The Legacy of the International Socialists, 50 Years Later

Like many left-wing groups in the 1970s, the International Socialists hoped to build the class struggle by making a “turn to industry.” The IS’s efforts generated an important legacy in the form of Labor Notes and Teamsters for a Democratic Union.

Student Demo

From the Free Speech Movement to the Factory Floor offers a useful perspective on how an earlier generation of leftists in the IS approached the labor movement. (Evening Standard / Hulton Archive / Getty Images)


Some young radicals are still pondering how they should relate, personally and collectively, to the labor movement. Should they try to become agents of workplace change while serving on the staff of local, regional, or national unions?
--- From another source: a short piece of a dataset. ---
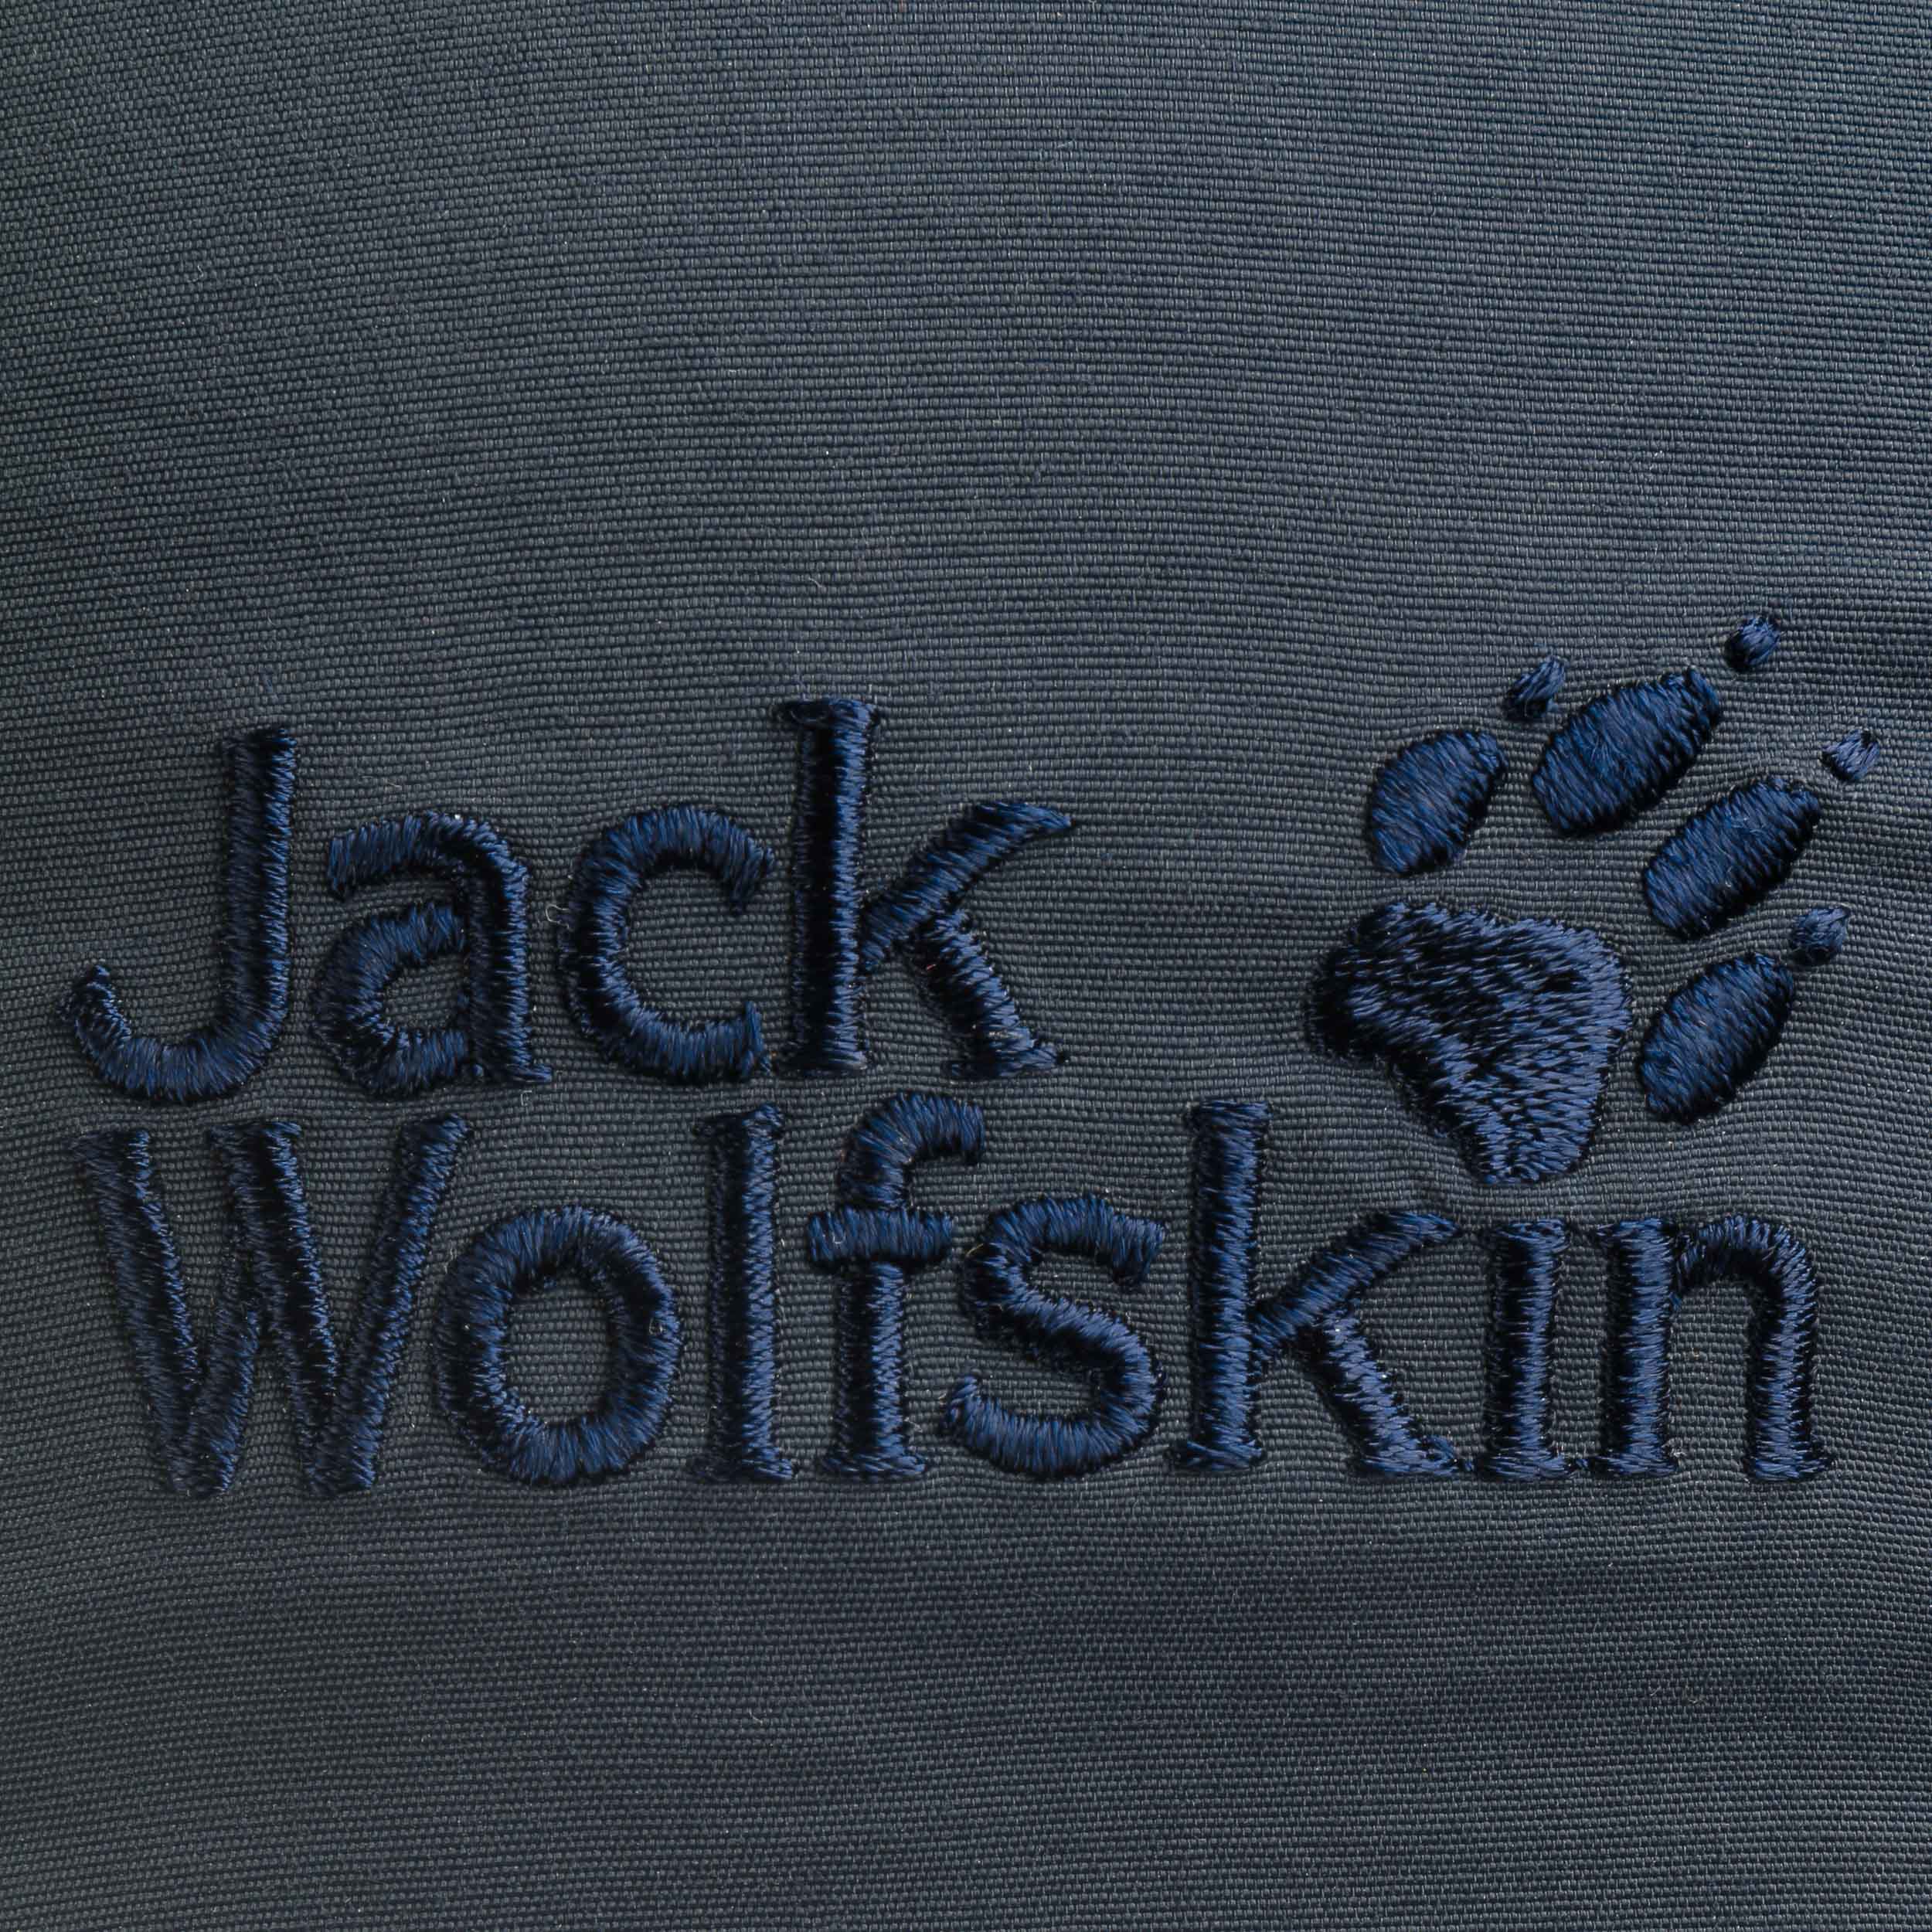 Supplex Vent - 32,95 Pro Wolfskin € Cap by Jack

Or should they organize “on the shop floor” — in nonunion shops or as unionized teachers, nurses, or social workers? And then seek elected rather than appointed union leadership roles?
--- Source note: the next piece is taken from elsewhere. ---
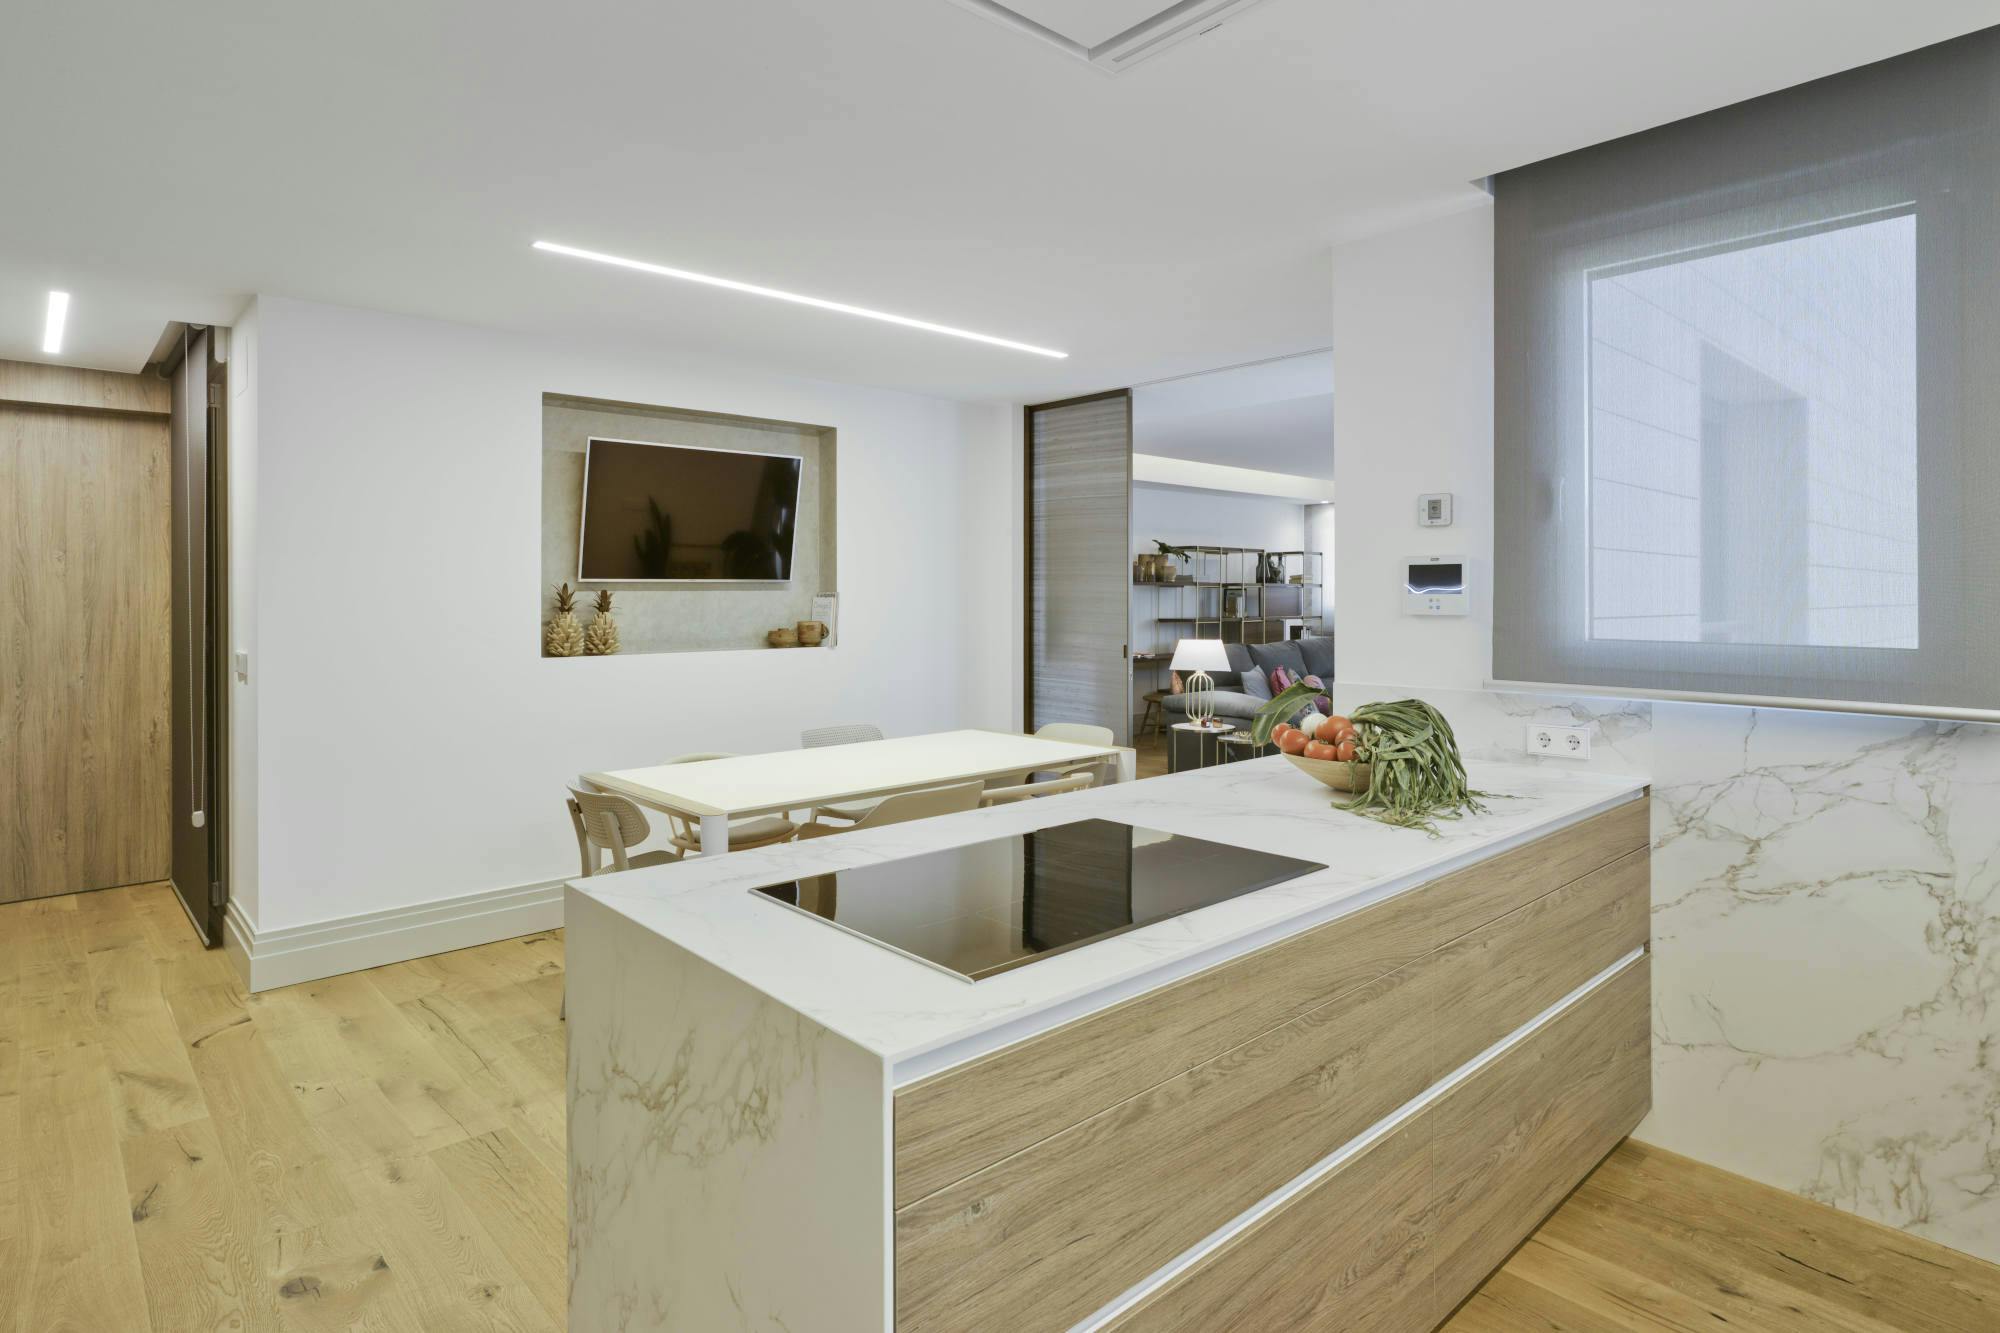 Bildnummer 41 des aktuellen Abschnitts von A bright, long-lasting kitchen worktop as the perfect backdrop for pictures von Cosentino Deutschland

A few years ago, delegates to a national convention of Democratic Socialists of America (DSA) narrowly passed a resolution favoring the rank-and-file route. Some DSA members have joined the Rank & File Project, which supports this approach “to fighting for a better world from the bottom up.”

Fifty years prior, ’60s leftists pondered the same options before launching their own reform efforts, both within the labor bureaucracy and as challengers to it. Some had the foresight to transition from campus and community organizing to union activism in health care, education, and social work where college degrees were helpful and job security good.